──────── DATA BELOW

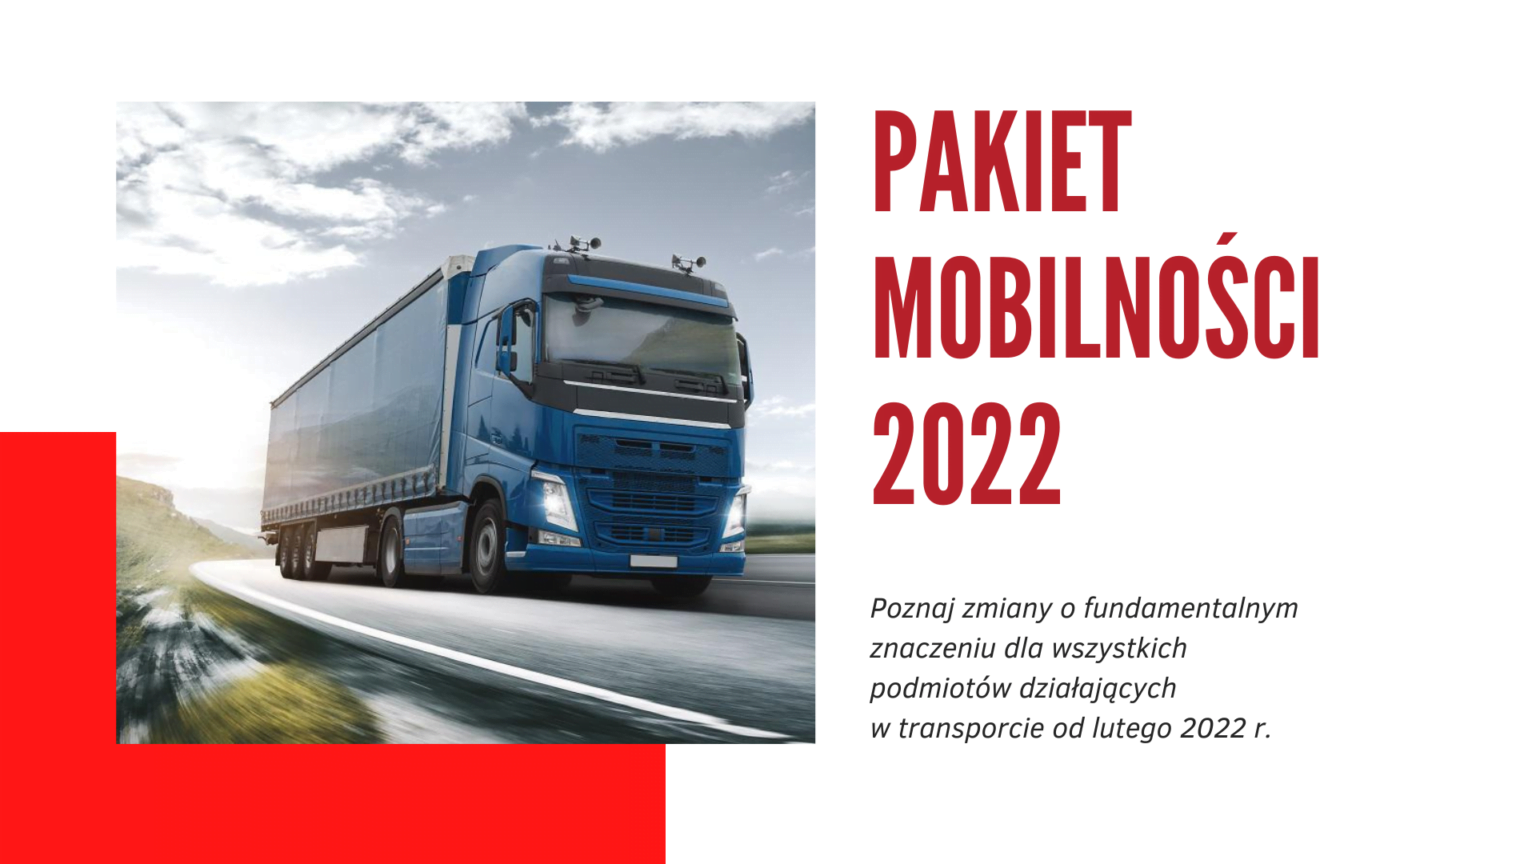 Pakiet Mobilności 2022 – rewolucja w transporcie
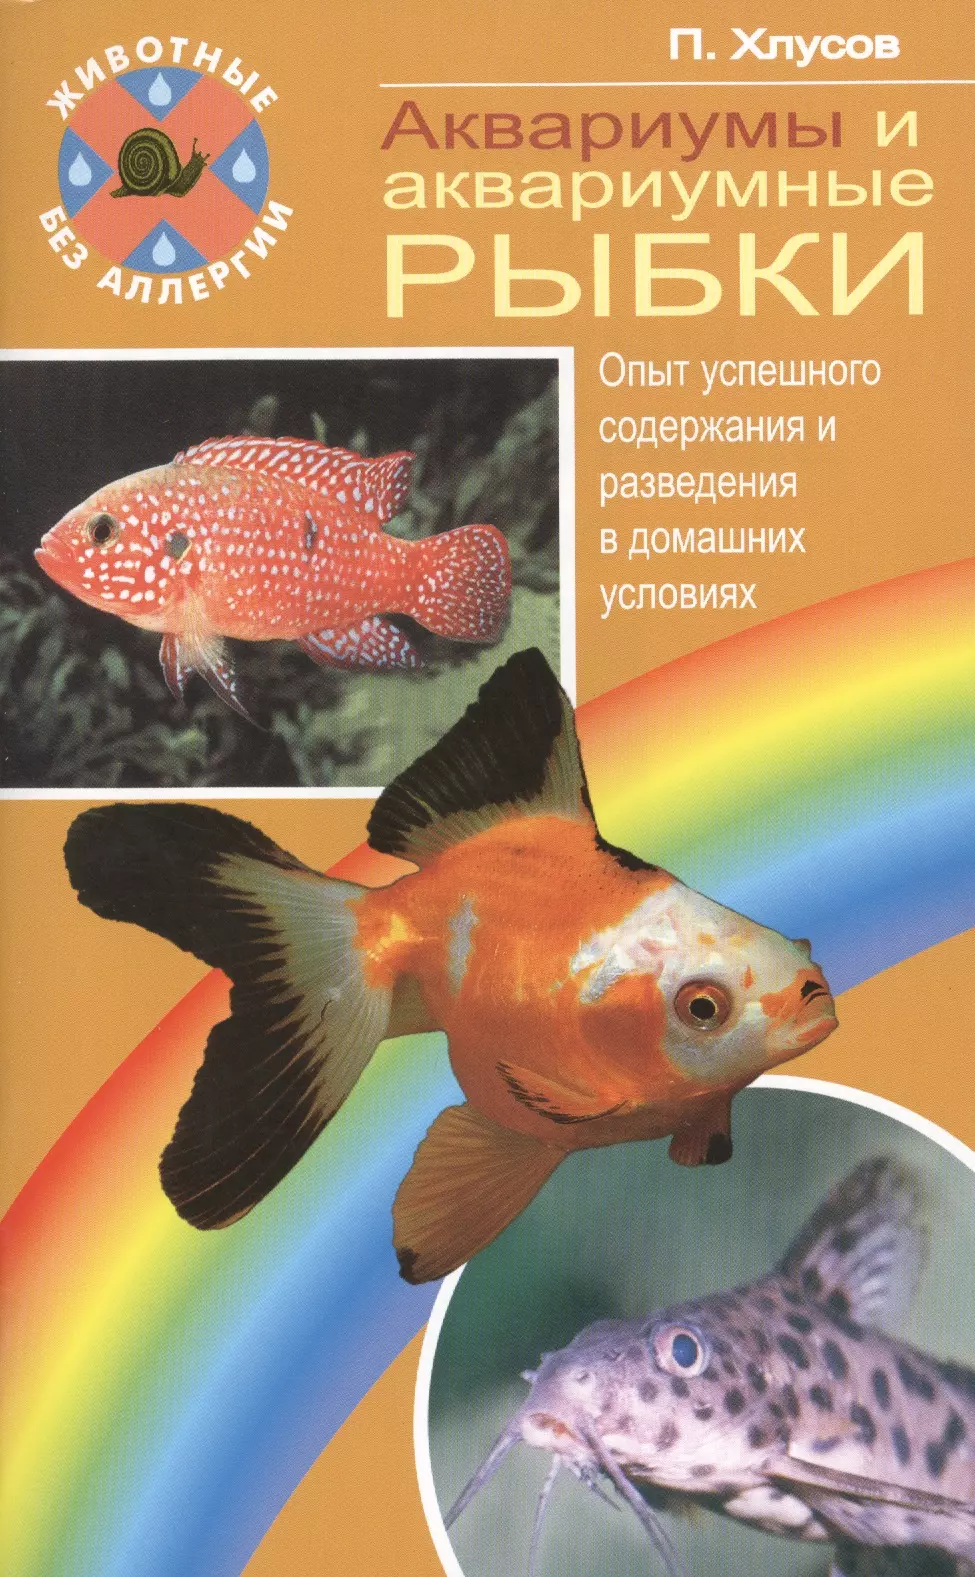 Книга аквариум отзывы. Книги про аквариумных рыб. Книга про аквариумных рыбок. Аквариум книга. Книга про разведение аквариумных рыбок.
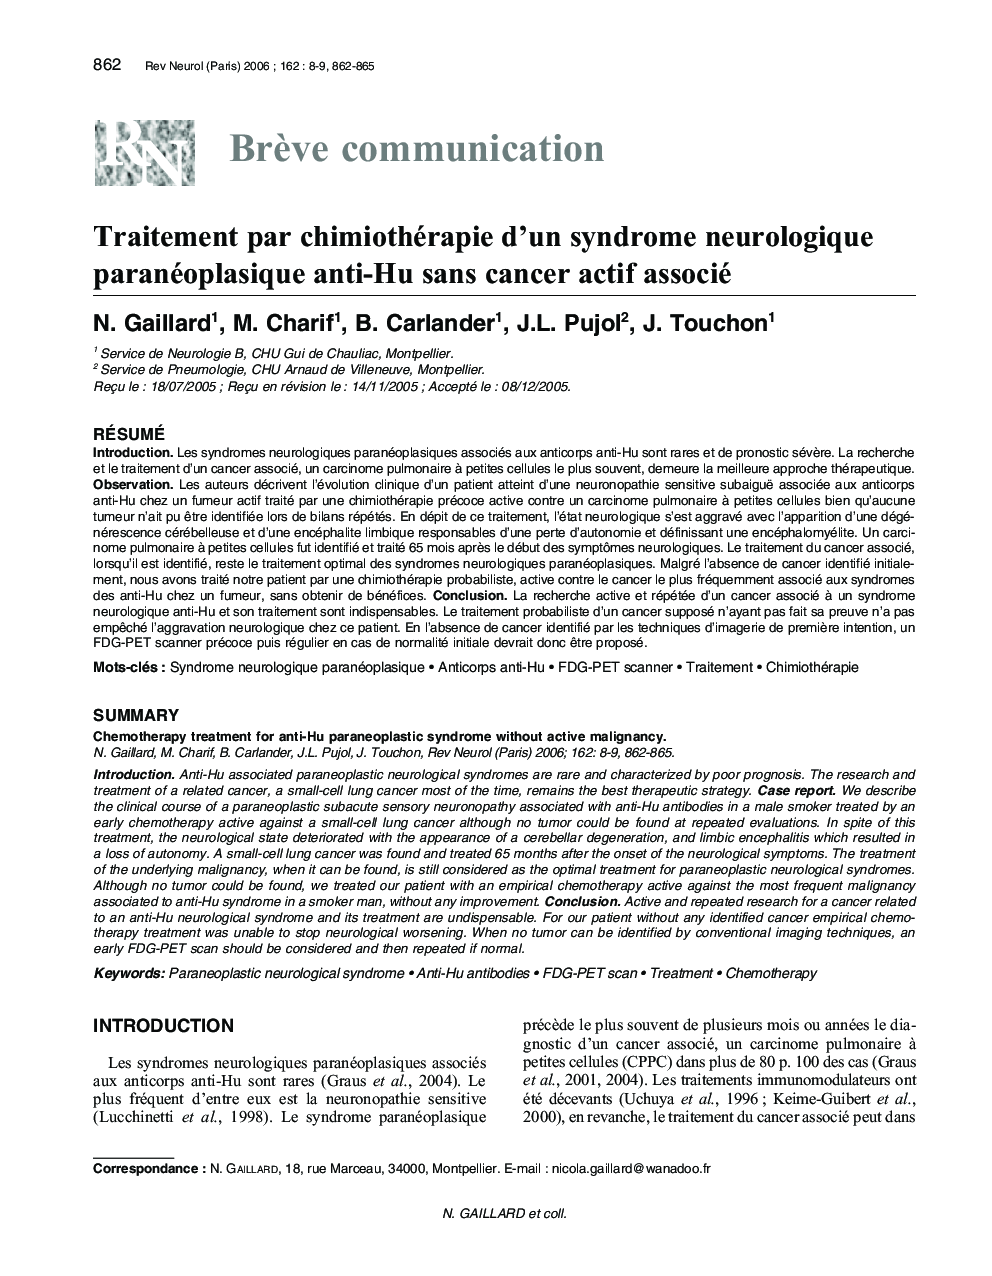 Traitement par chimiothérapie d'un syndrome neurologique paranéoplasique anti-Hu sans cancer actif associé
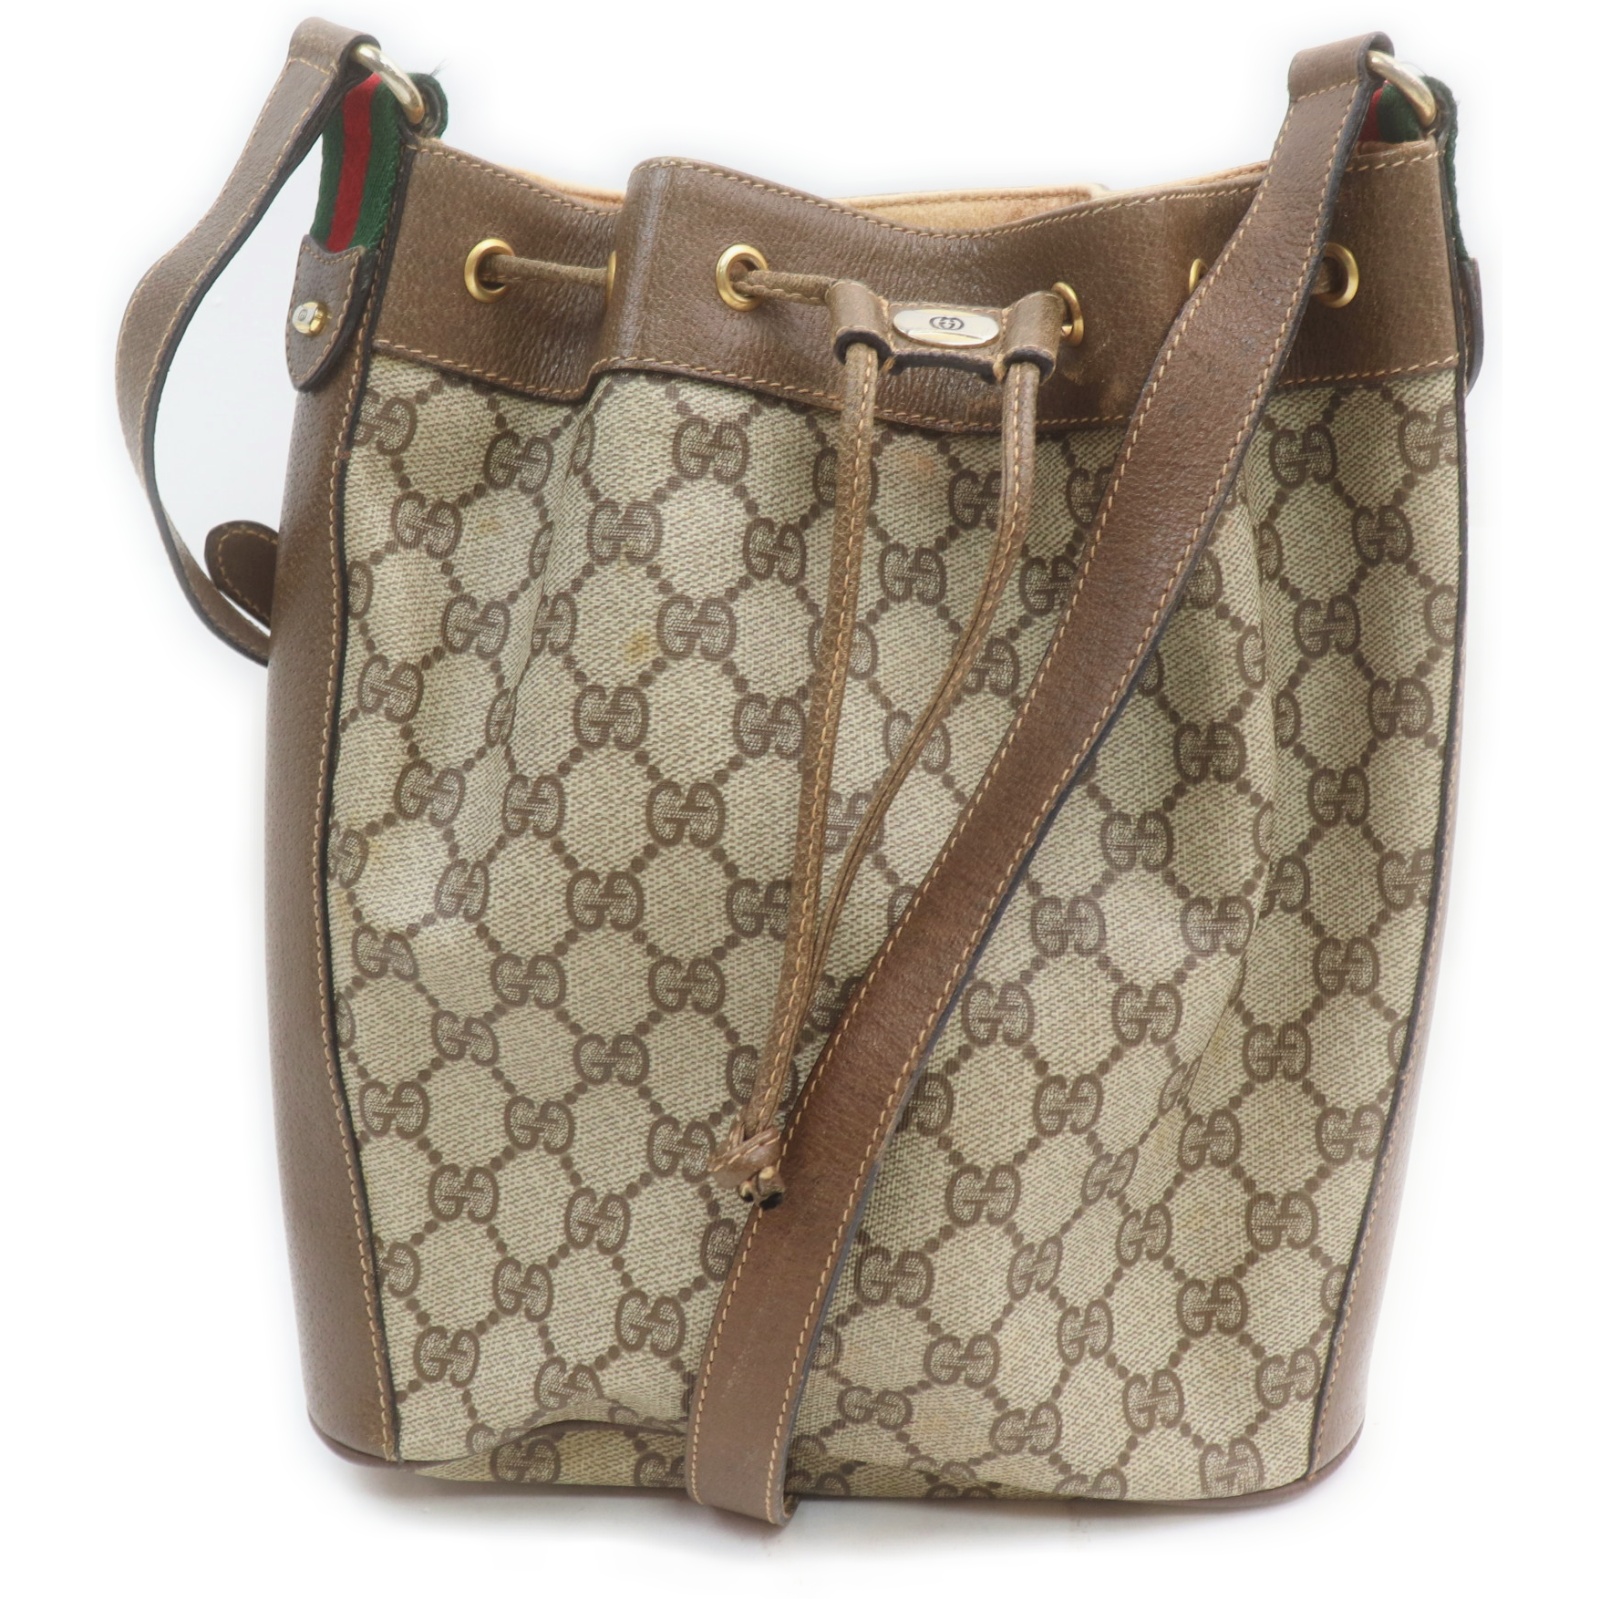 Gucci Shoulder Bag Browns PVC 1518281 | eBay

────────────────

**EXERCISE:**
Without any of its images, the data above should be returned exactly.

**RESULT BELOW:**
 Pakiet Mobilności 2022 – rewolucja w transporcie
 Книга аквариум отзывы. Книги про аквариумных рыб. Книга про аквариумных рыбок. Аквариум книга. Книга про разведение аквариумных рыбок.
 Traitement par chimiothérapie d'un syndrome neurologique paranéoplasique anti-Hu sans cancer actif associé
 Gucci Shoulder Bag Browns PVC 1518281 | eBay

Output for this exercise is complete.